──────── DATA FOR REVIEW ────────
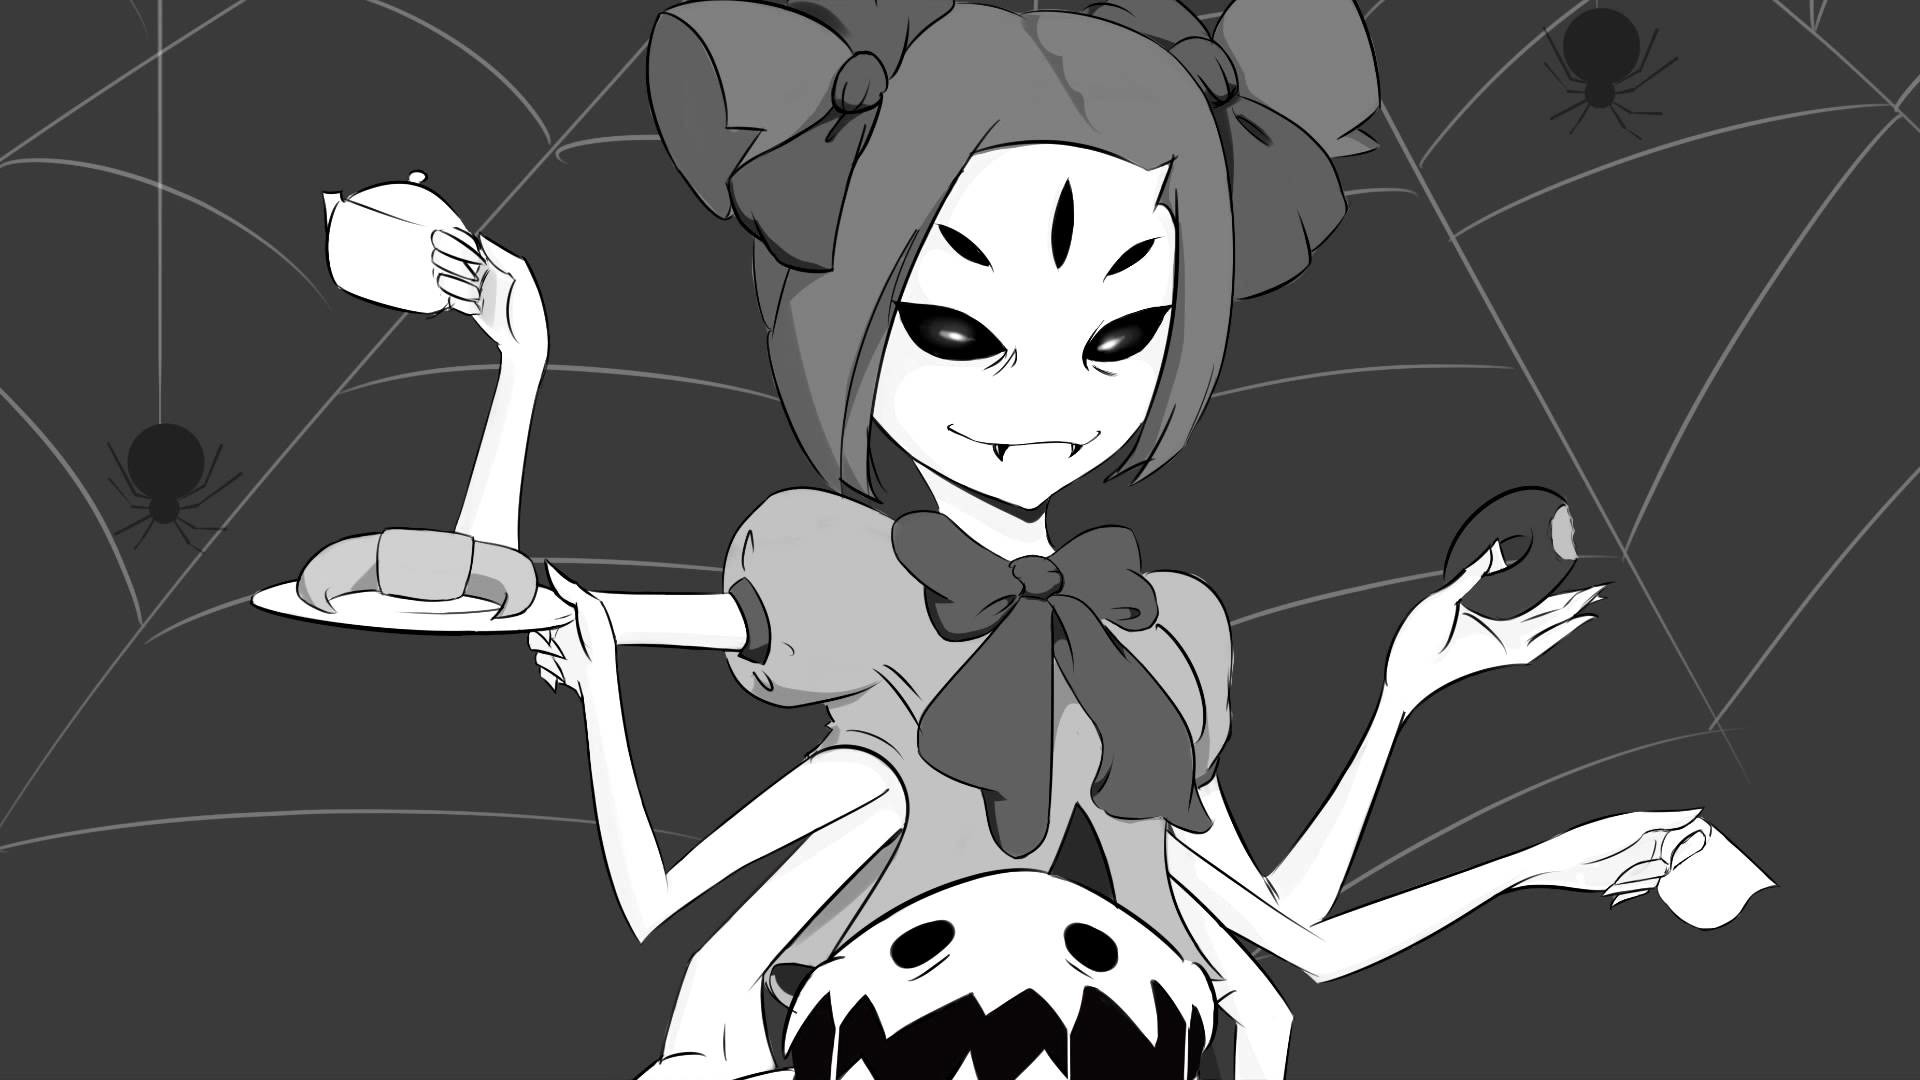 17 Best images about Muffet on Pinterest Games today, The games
────────
──────── DATA FOR REVIEW ────────
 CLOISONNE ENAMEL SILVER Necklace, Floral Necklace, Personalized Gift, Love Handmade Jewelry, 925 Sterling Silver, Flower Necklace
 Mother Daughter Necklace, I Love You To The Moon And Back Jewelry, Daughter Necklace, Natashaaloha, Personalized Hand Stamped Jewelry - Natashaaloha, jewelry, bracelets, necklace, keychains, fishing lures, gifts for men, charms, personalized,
────────
──────── DATA FOR REVIEW ────────
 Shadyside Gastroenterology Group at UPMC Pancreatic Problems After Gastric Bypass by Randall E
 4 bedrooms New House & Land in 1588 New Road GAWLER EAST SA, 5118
────────
_WHAT IS EXPECTED_
Would you please copy all lines in the data that contain the word "Necklace"?

_ANSWER TO THIS EXERCISE_
 CLOISONNE ENAMEL SILVER Necklace, Floral Necklace, Personalized Gift, Love Handmade Jewelry, 925 Sterling Silver, Flower Necklace
 Mother Daughter Necklace, I Love You To The Moon And Back Jewelry, Daughter Necklace, Natashaaloha, Personalized Hand Stamped Jewelry - Natashaaloha, jewelry, bracelets, necklace, keychains, fishing lures, gifts for men, charms, personalized,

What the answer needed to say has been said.